Videotapes have been used for a number of years for a variety of purposes within medical education. They are perceived as effective learning resources in the field of communication skills (6, 7) and have been used in the learning of skills for self and tutor assessment (8–11). Lane and Gottlieb (8) found that use of videotaping improved students' interviewing skills and self assessment and had the advantage of identifying students who overrated themselves. Videos have also been used in the evaluation of educational interventions (12). They have been used for evaluating performance and competency (13) as well as rater bias (14). Videos have been used in the assessment of communication skills (15, 16) and in the assessment of general practice trainees' consultation skills in the UK since the 1980s and have been found to be effective, valid, and reliable (17).

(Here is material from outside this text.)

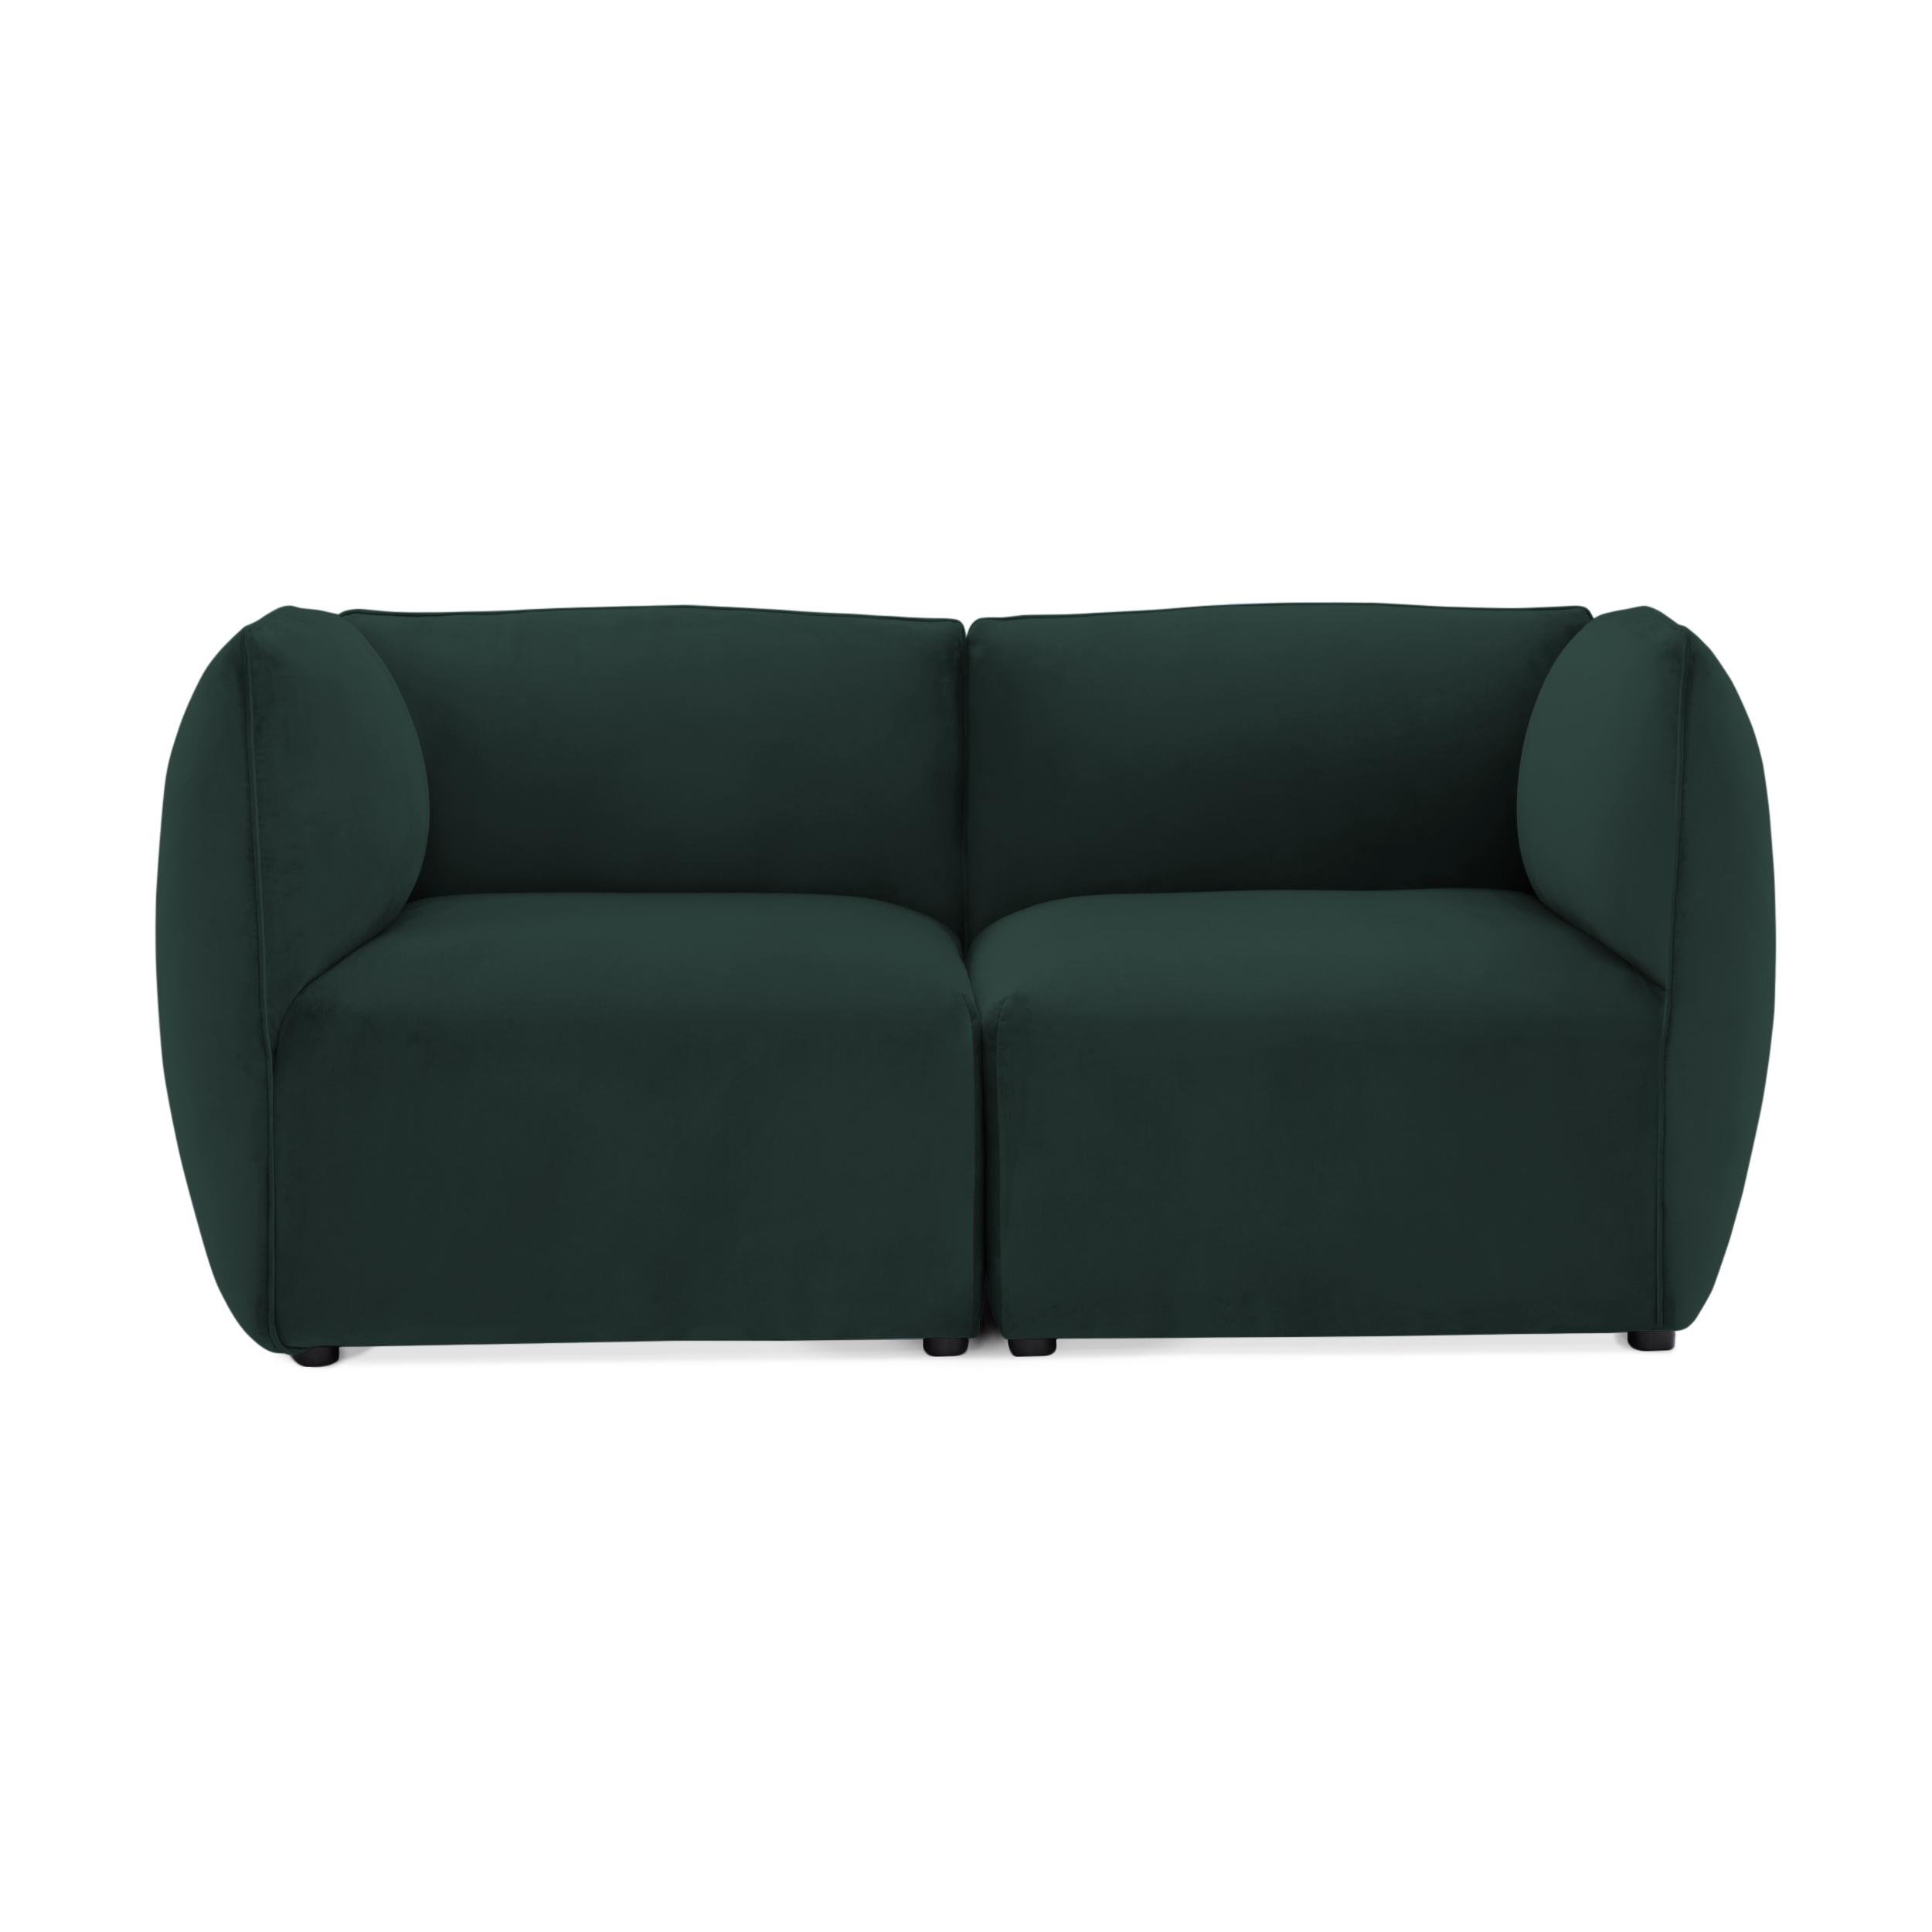 Canapea 2 locuri Cube Petrol Green

Successful implementation of videotaped OSCEs (VOSCEs) would offer considerable potential advantages to faculty, examiners, and candidates. The first advantage is in terms of quality control. Videotaped OSCE stations offer the potential for establishing consensus between examiners for investigating interexaminer variability and even for comparison of standards between medical schools. It is possible to increase the objectivity of assessment by having assessors evaluate examination skills based on an agreed standardized marking criteria. The second advantage is in terms of practicality. Running an OSCE for a group of students is very time consuming and requires expensive clinical expertise and coordination. Videotaping the student performance and marking the performance at a later point means the OSCE can be run with relatively few, if any, clinicians present because stations do not necessarily have to be manned by clinical assessors. Therefore, the examination process may be perceived to be more efficient and reliable: the cost and stress involved in organizing the OSCE might be reduced while improving the consistency and fairness of assessments.

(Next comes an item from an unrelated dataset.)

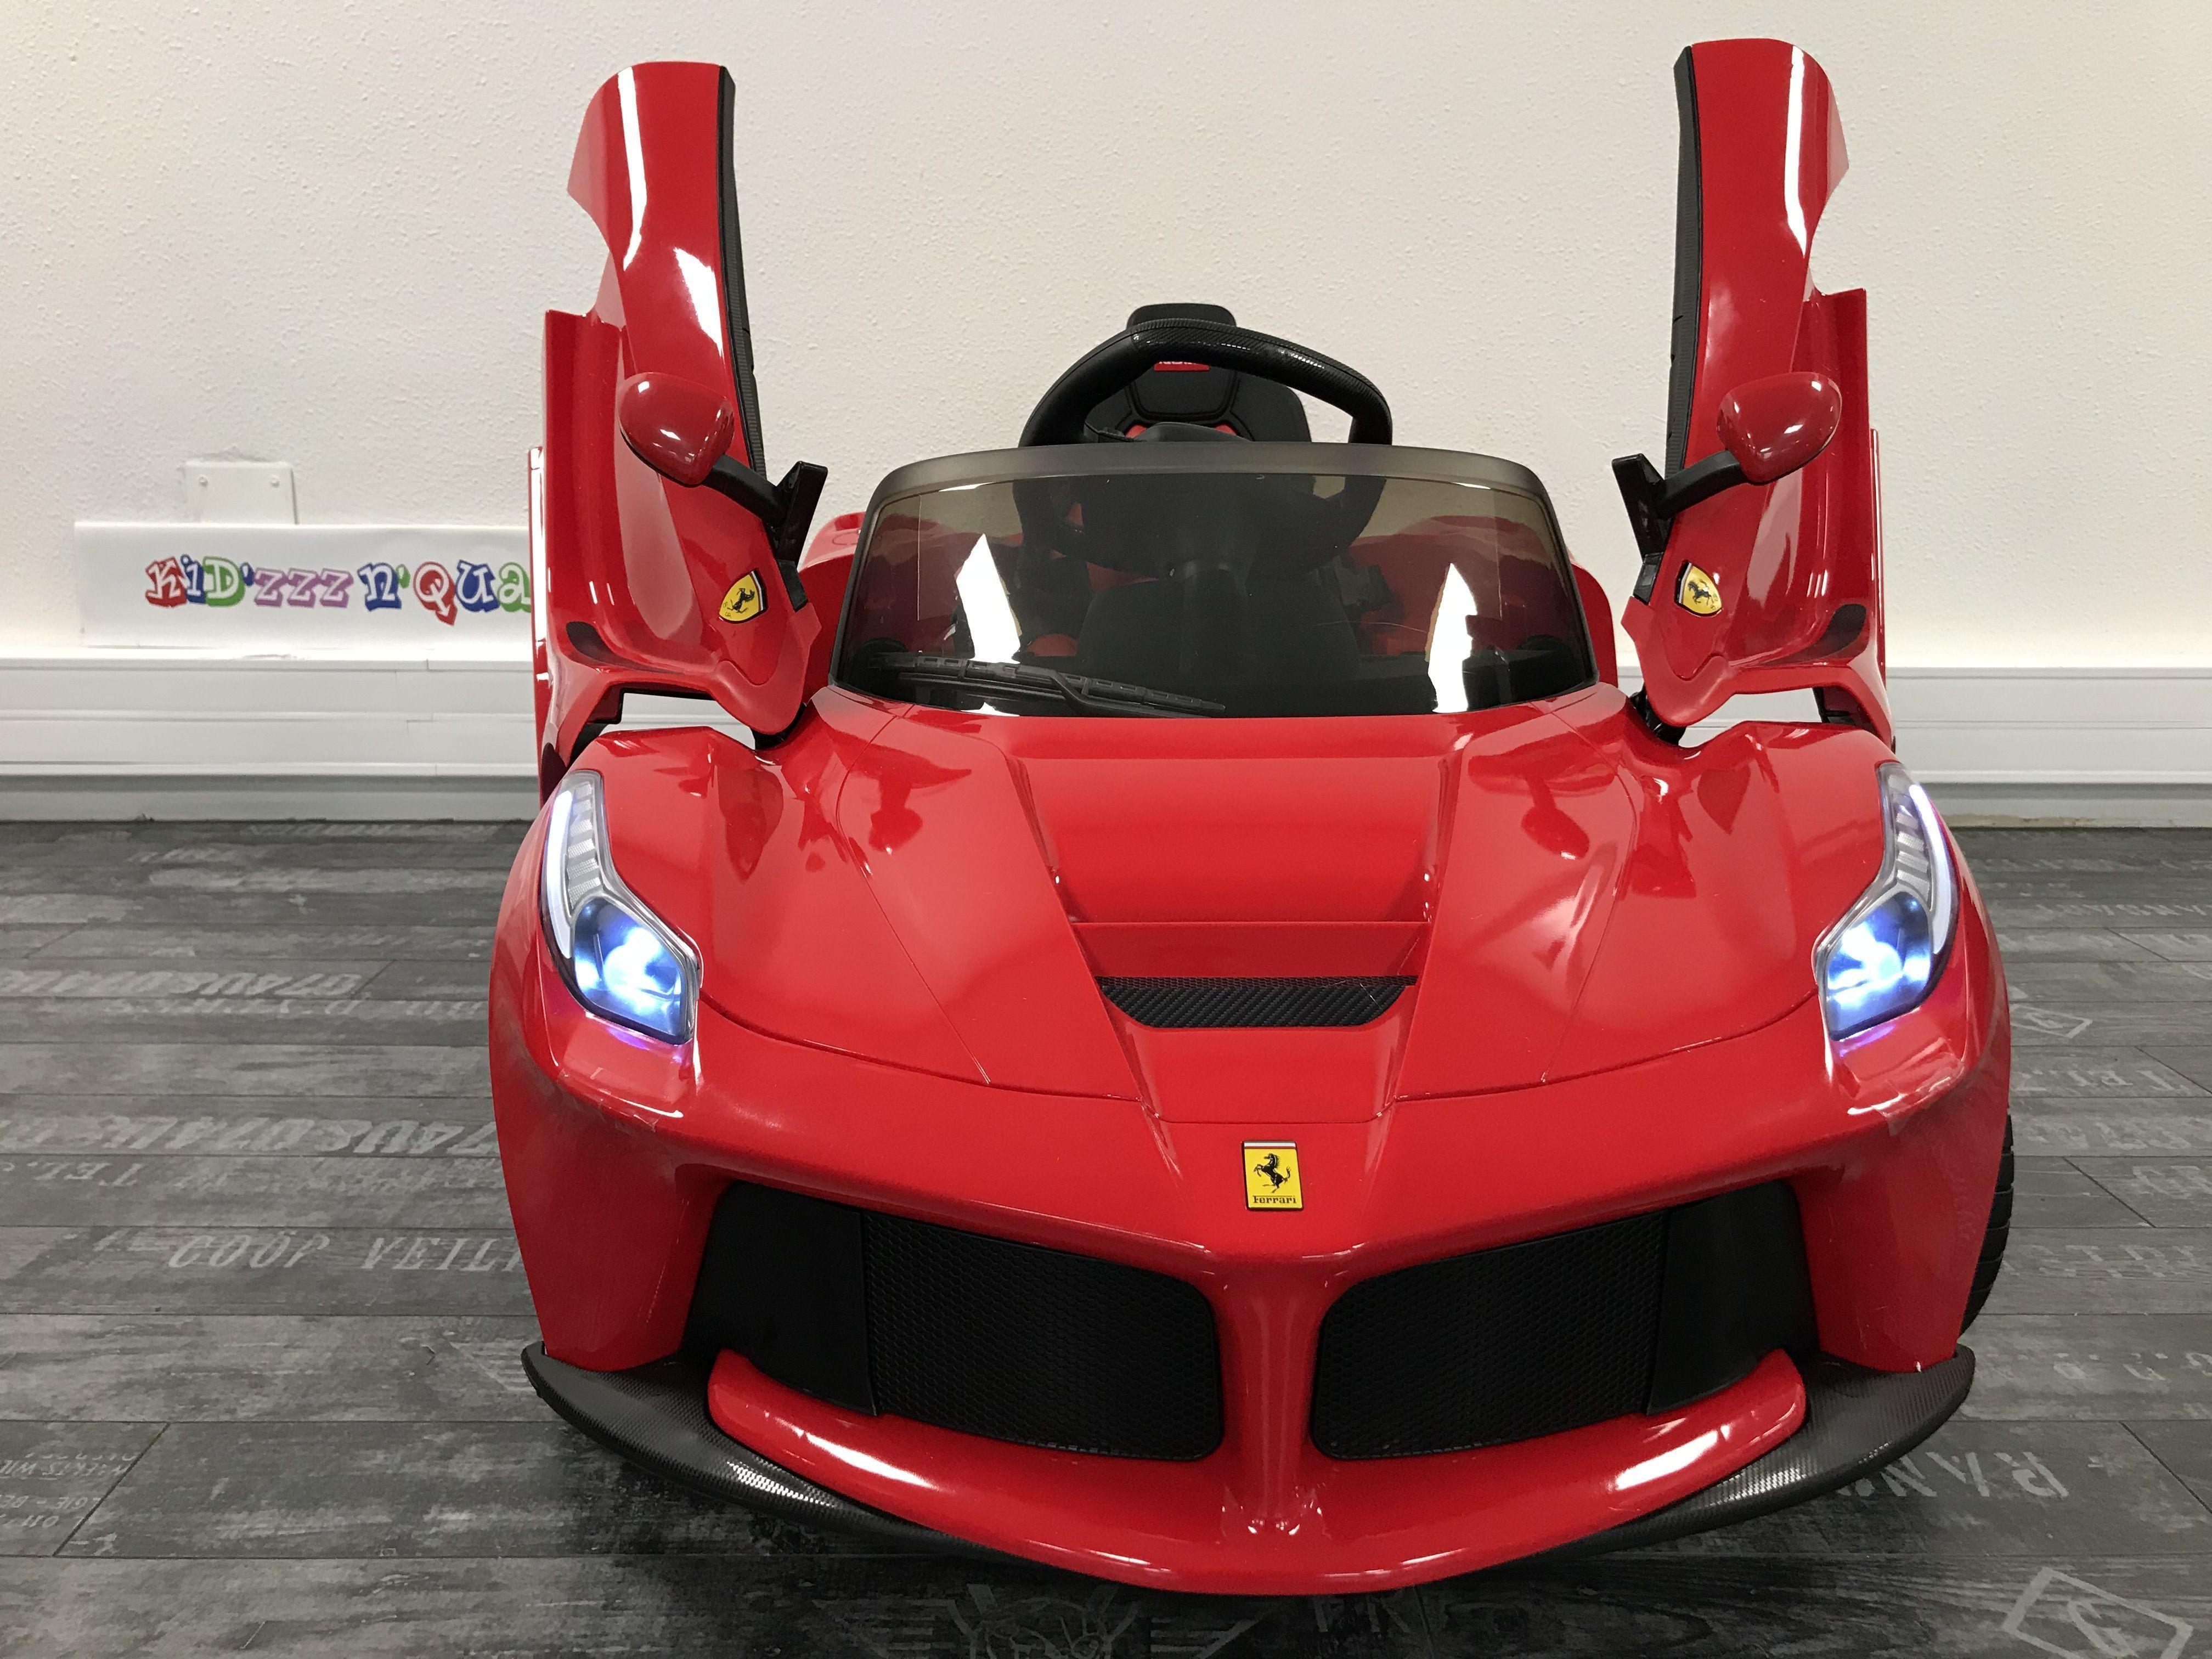 Voiture Bébé 12v Ferrari Fxx K Ferrarilaferrari Cette Voiture Bébé Laferrari 12v Est De Toute Beauté Racée élé Kids Power Wheels Ride On Toys Car Gadgets

Evidence that VOSCEs are a practical, valid method of implementing OSCEs has not been established in the field of musculoskeletal medicine and is little explored in other fields of physical examination. In this study, we carried out formative OSCE assessments of third-year undergraduate medical students performing shoulder and/or knee examination as part of a larger educational randomized controlled trial (18) and videotaped these OSCEs. We present results of an investigation of the relationship between the live examiner's assessment and that of a video assessor, and we discuss the practicalities of videotaping musculoskeletal examination OSCE stations.
PARTICIPANTS AND METHODS
This study was performed alongside a randomized controlled trial evaluating the educational value of a computer-assisted learning program, Virtual Rheumatology CD (Newfangled Media, Stoke on Kent, UK), in the teaching of musculoskeletal clinical examination skills in undergraduate medical students (18). The study took place at the University of Newcastle upon Tyne, Newcastle, UK.
Participants were a subgroup of subjects who took part in the randomized controlled trial and included third-year undergraduate medical students attending their musculoskeletal week during a 12-week clinical skills module at Freeman Hospital, Newcastle between January 2002 and June 2003. Prior to the start of placement, these students had attended a 1-week clinical skills block, which included teaching of musculoskeletal examination.
The OSCE consisted of a station on knee examination and a station on shoulder examination. Participants in this study were examined on one station only. Each station was 6 minutes long. There was a 14-item checklist for scoring the OSCE. Students did not have access to this checklist prior to the examination. For each item, a score of 0, 1, or 2 was given for “not done,” “done,” and “done well,” respectively. Scores of individual items were summed for each station, resulting in total scores for the OSCE shoulder and knee assessments based on discrete numerical scales ranging from 0 (“not done” recorded on all items) to 28 (“done well” recorded on all items). In addition, we added a global rating scale (GRS) as a supplementary measure (a 10-cm visual analog scale ranging from 0 = poor to 100 = excellent) to the OSCE score sheets. GRS have been shown to be valid measures for the assessment of clinical skills (19).
Video recording of the OSCEs.
Digital video cameras were attached to tripods and placed in the room where the examination took place. Student performance was videotaped with consent. The recording was done on mini digital videotapes and was converted to VHS tapes for ease of scoring.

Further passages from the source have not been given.